Example: (my actual dataframe has many more columns)
data.frame(id = c(1, 2, 3, 4, 5), xx = c("no", "no", "yes", "yes", "no"), x1 = c("m", "f", "f", "f", "m"), x2 = c("m", "f", "f", "m", "m"), x3 = c("m", "u", "f", "m", NA), x4 = c("m", "f", "m", "m", "f"), x5 = c(NA, "f", "m", "u", "f"))
id xx x1 x2 x3 x4 x5
1 1 no m m m m <NA>
2 2 no f f u f f
3 3 yes f f f m m
4 4 yes f m m m u
5 5 no m m <NA> f f
#what I want
id xx x1 x2 x3 x4 x5
3 yes f f f m m
4 yes f m m m u
5 no m m <NA> f f
I want to compare x1:x5 (not id or xx). If all the columns are equal (NA values don't count), filter out the row (row 1 in the example).
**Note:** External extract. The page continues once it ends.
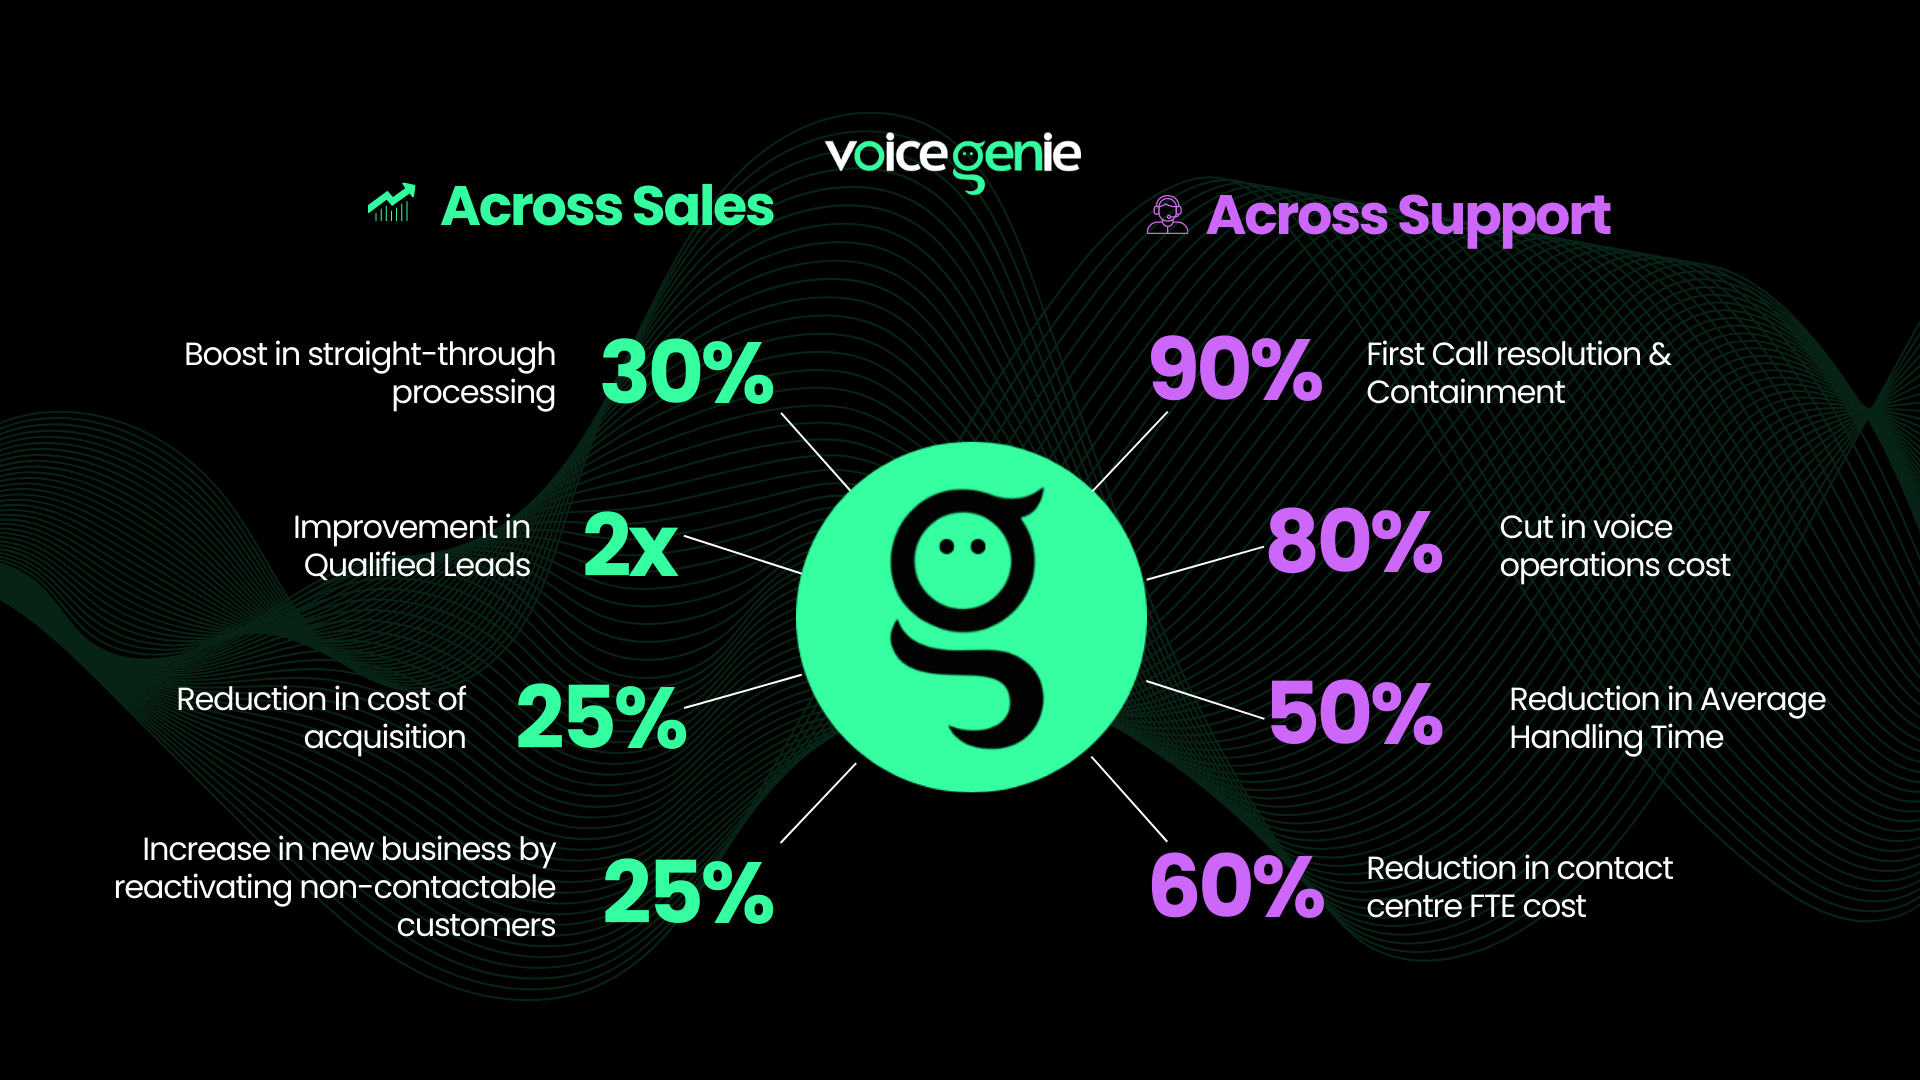 VoiceGenie - Results Across Sales & Support

If all the columns are equal but the combination is m and u OR f and u, filter out these rows too (row 2 in the example). I only want to keep rows where there are both m and f, in any combination. I would prefer a tidyverse solution, but anything would work.
Thanks!
CodePudding user response:
It's bit messy but works.
df %>%
rowwise %>%
mutate(a = paste0(unique(unlist(list(across(x1:x5, ~.x))) %>% na.omit) %>% sort, collapse = "")) %>%
filter(nchar(a) != 1, !a %in% c("fu", "mu")) %>%
select(-a)
id xx x1 x2 x3 x4 x5
<dbl> <chr> <chr> <chr> <chr> <chr> <chr>
1 3 yes f f f m m
2 4 yes f m m m u
3 5 no m m NA f f
CodePudding user response:
I think you can get the rowSums("x_n" columns) == "f" > 0 AND rowSums("x_n"'s) >0 as a logical index:
xcols <- dfrm[grepl("x[1-5]", names(dfrm))]
dfrm[ rowSums(xcols =="f", na.rm=TRUE)>0 & rowSums(xcols =="m", na.rm=TRUE) >0 , ]
id xx x1 x2 x3 x4 x5
3 3 yes f f f m m
4 4 yes f m m m u
5 5 no m m <NA> f f